Bloomberg: Private Equity Loses Its Shield as U.S. Cracks Down on Fraud
February 24, 2021
Announcing a new report by the Private Equity Stakeholder Project, Bloomberg reports how private equity’s increasing reach in the taxpayer-funded healthcare sector has exposed them to false-claims actions “where corporate whistle-blowers bring allegations of civil fraud to the attention of the federal government.”
While it remains that most private equity owners still manage to avoid scrutiny, Bloomberg cited a new report from the Private Equity Stakeholder Project which revealed how at least 25 private equity-backed health care companies have paid a combined $573 million in government fraud settlements. In only three did private equity firms agree to pay any money.
In “Money for Nothing: How private equity has defrauded Medicare, Medicaid, and other government health programs, and how that might change,” the Private Equity Stakeholder Project examines six case studies that show how private equity strategies to squeeze profits out of healthcare companies—such as understaffing, overcharging for services, overfilling capacity—may run afoul of the law.
Because of the vast potential for fraud in the expansive federal relief programs put in place to help the economy through the pandemic, Bloomberg reports that experts expect more cases of fraud to emerge.
Private equity’s “playbook is to overhaul management, create efficiencies and keep close tabs on finances so investments can be sold for a hefty profit in several years.”
This focus on profit can only spell disaster for patient care and safety.
Bloomberg reported on settlements paid by private equity firms operating in the healthcare sector while denying accusations of fraudulent behavior.

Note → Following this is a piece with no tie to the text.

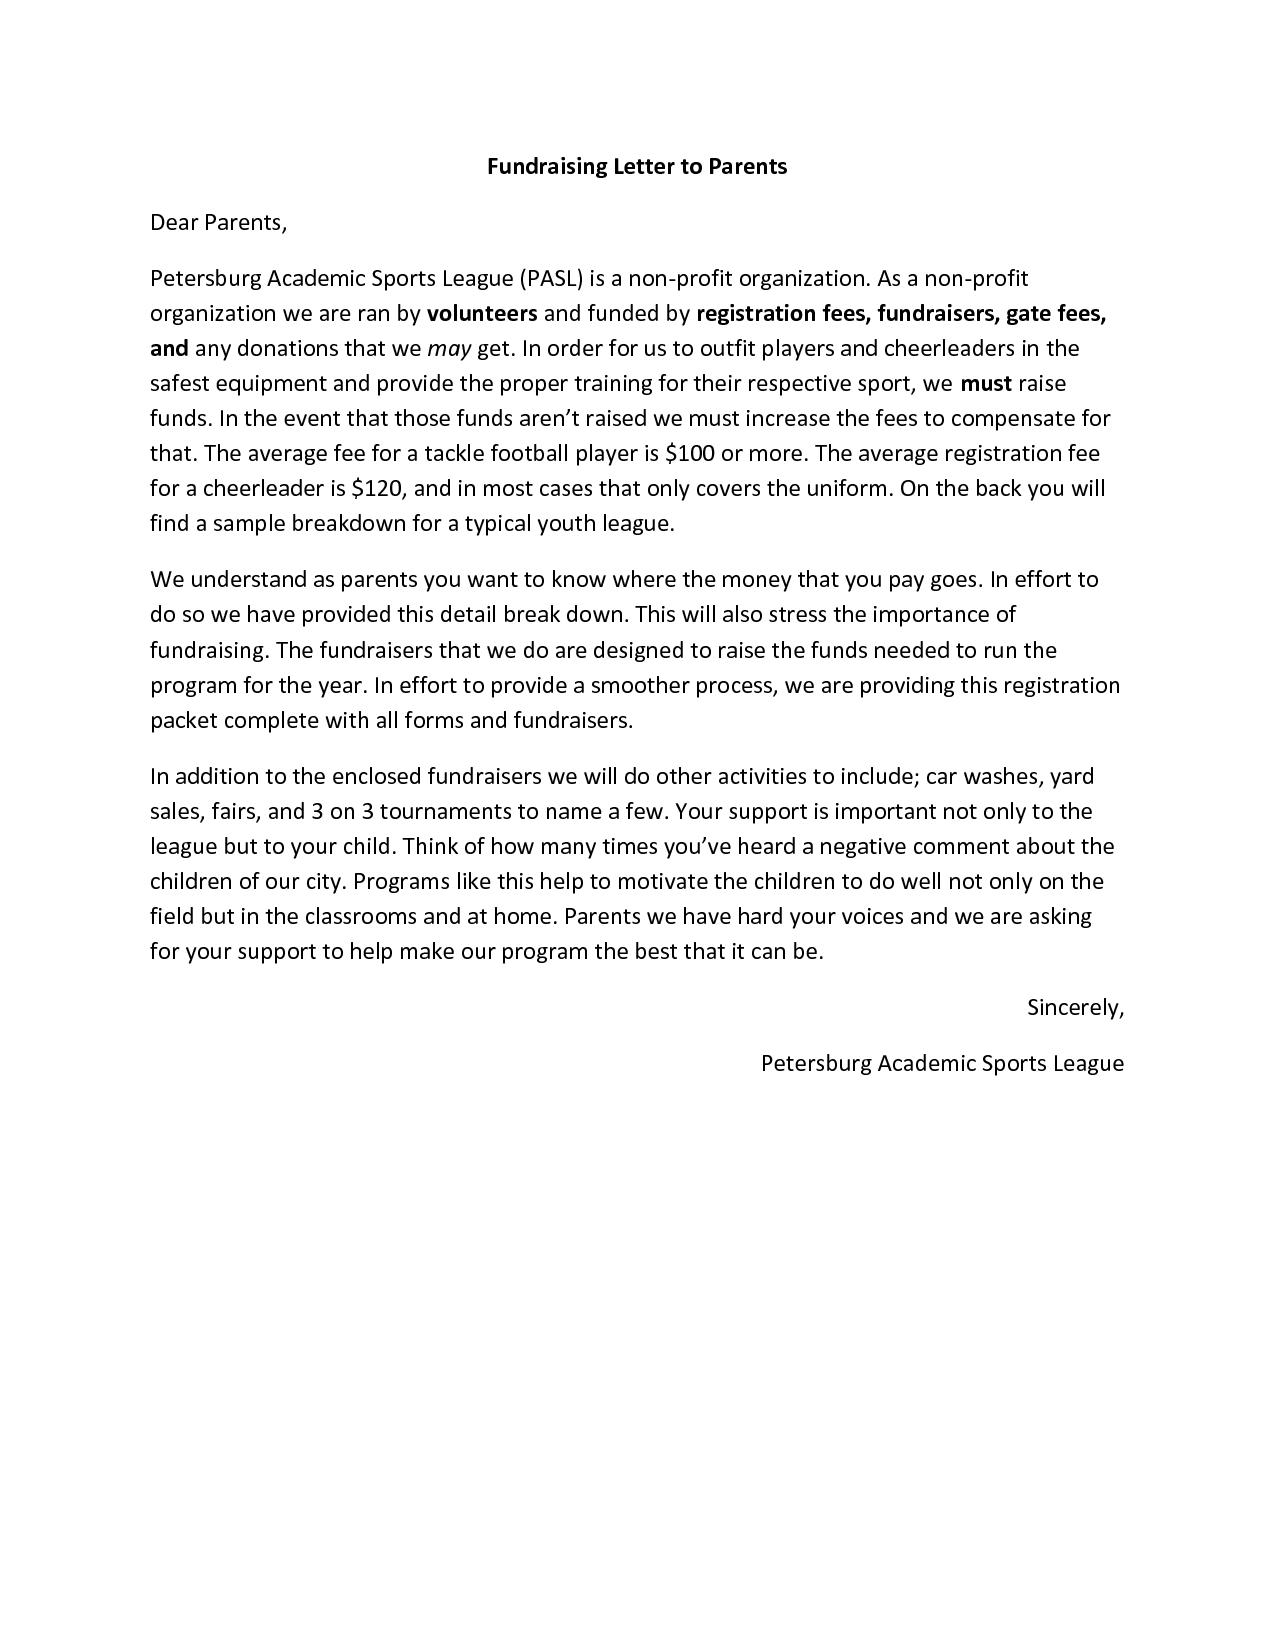 Non Profit Fundraising Letter  Your Nonprofit Fundraising Letter

One example includes RLH Equity Partners and pharmaceutical company Patient Care America reaching a $21 million settlement with the federal government in 2019 after being charged with paying marketers to promote expensive pain creams to military members who didn’t need the treatment.
Yet another is private equity firm HIG Capital and its behavioral health company Community Intervention Services, Inc. settling a civil fraud complaint for $4 million after allegations were raised about unsupervised, unlicensed therapists treating mental-health patients. Staffers testified in the suit that “The pressure to grow was astronomical compared to what it had been” before HIG purchased the company.
Another example is medical device company Therakos Inc., charged with improperly promoting a lymphoma treatment for use on children with bone marrow transplants, and its private equity owner Gores Group settling with the government for $1.5 million last November.